That is the case here. Williams-who is the sole owner of the plaintiff and its representative-claims that he spoke to Beavers on January 20, 2017, and offers a notation in his planner as proof of that. The defendant notes that Williams originally claimed that he spoke to Beavers days earlier, suggesting that Williams fabricated the notation in his planner, and points to telephone records that show that, though Williams called the defendant on January 20, 2017, Williams did not connect to a telephonic device associated with Beavers that day. Williams also claims that he sent the defendant a copy of the plaintiff's lease agreement with Lynette Crawley in February 2017. The defendant claims that its records show that Williams first sent the defendant the Crawley lease in May 2017 and, more importantly, that Crawley testified that she did not sign the purported lease, did not know how her signature ended up on the purported lease, and that she had never been a tenant at the property identified in the lease. This evidence raises serious credibility issues that the plaintiff must contend with.

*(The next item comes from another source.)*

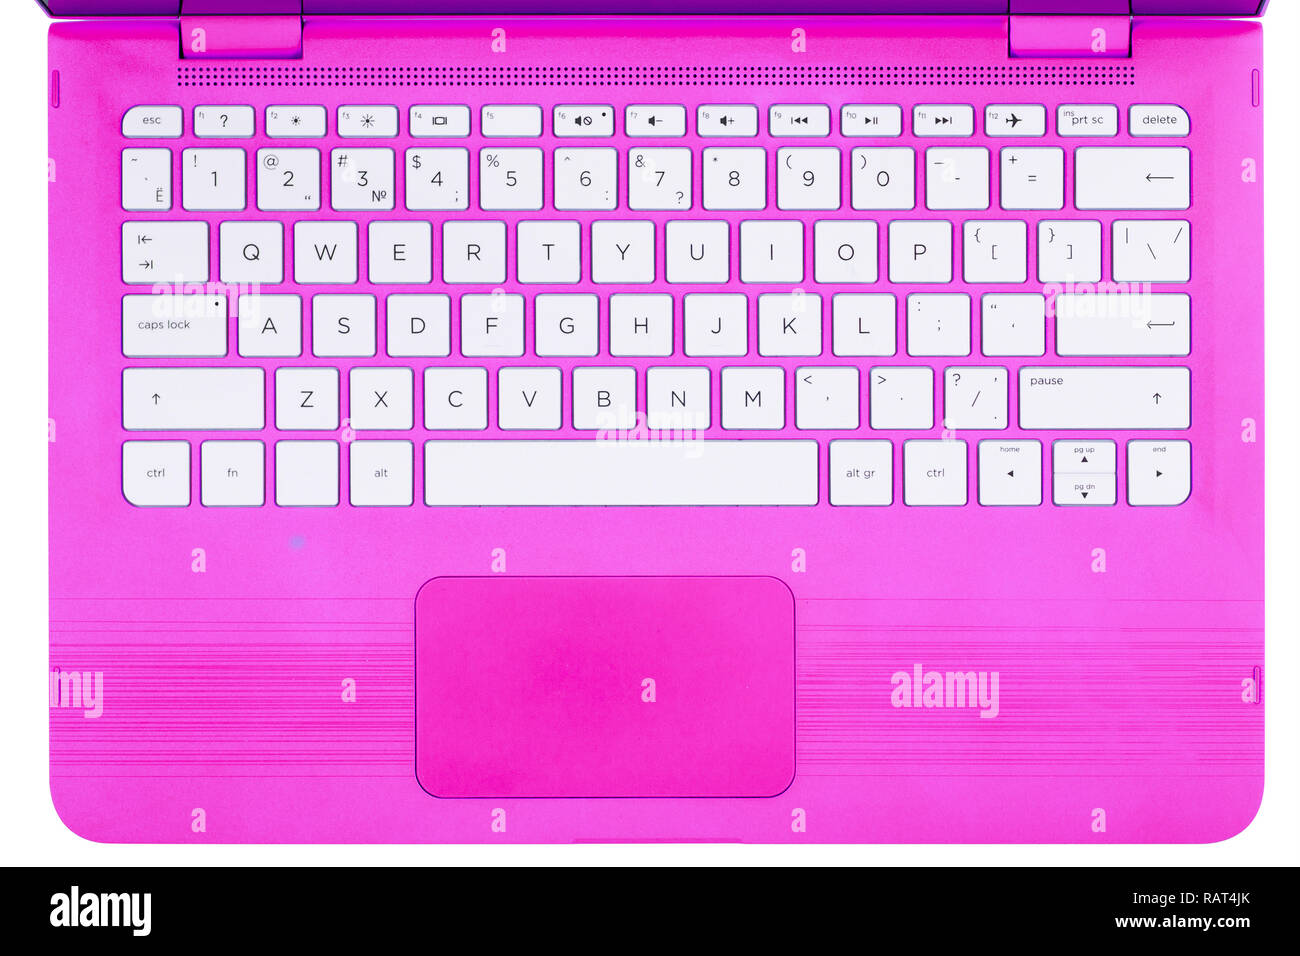 Розовый экран ноутбука. Клавиатура ноутбука. Розовая клавиатура на ноутбук. Распечатка клавиатуры ноутбука. Клавиатура для ноутбука для девочек.

The plaintiff also has to contend with the fraud defense that stems from Williams' representations concerning the plaintiff's insurance claims, as well as from any alleged misrepresentations made in connection with the plaintiff's application for insurance. Given the testimony of Crawley, who appears to be a neutral third party, this defense is, at a minimum, arguable. What is clear is that issues related to Williams' credibility and the defendant's fraud defense against the plaintiff will require significant attention at trial; attention that will be to the detriment of the class. See, e.g., CE Design Ltd., 637 F.3d at 728 (“For an assault on the class representative's credibility to succeed, the party mounting the assault must demonstrate that there exists admissible evidence so severely undermining plaintiff's credibility that a fact finder might reasonably focus on plaintiff's credibility, to the detriment of the absent class members' claims.”). This renders the plaintiff inadequate as a class representative.
5. Predominance
“While similar to Rule 23(a)'s requirements for typicality and commonality, ‘the predominance criterion is far more demanding.'” Messner v. Northshore Univ. HealthSystem, 669 F.3d 802, 814 (7th Cir. 2012) (citation omitted). “The predominance inquiry ‘calls upon courts to give careful scrutiny to the relation between common and individual questions in a case.'” Eddlemon v. Bradley Univ., 65 F.4th 335, 339 (7th Cir. 2023). “An individual question is one where members of a proposed class will need to present evidence that varies from member to member; a common question is one where the same evidence will suffice for each member to make a prima facie showing or the issue is susceptible to generalized, class-wide proof. Gorss Motels, Inc. v. Brigadoon Fitness, Inc., 29 F.4th 839, 843-44 (7th Cir. 2022).
In this case, key issues to be resolved are whether the defendant investigated and denied claims based on race. This is not a case where all claims submitted by policy holders for properties located in zip codes where the majority of residents are Black were flagged for investigation and denied. As such, one must determine (1) whether the defendant referred each claim for a legitimate reason or because of the location of the property and (2) whether the defendant denied each claim for a legitimate reason or because of the location of the property. These determinations present individualized questions that preclude generalized, class-wide proof. Put differently, the reason for each referral and each denial will have to be adjudicated, necessitating a number of miniature trials within a trial. Accordingly, the Court finds that these individual issues predominate.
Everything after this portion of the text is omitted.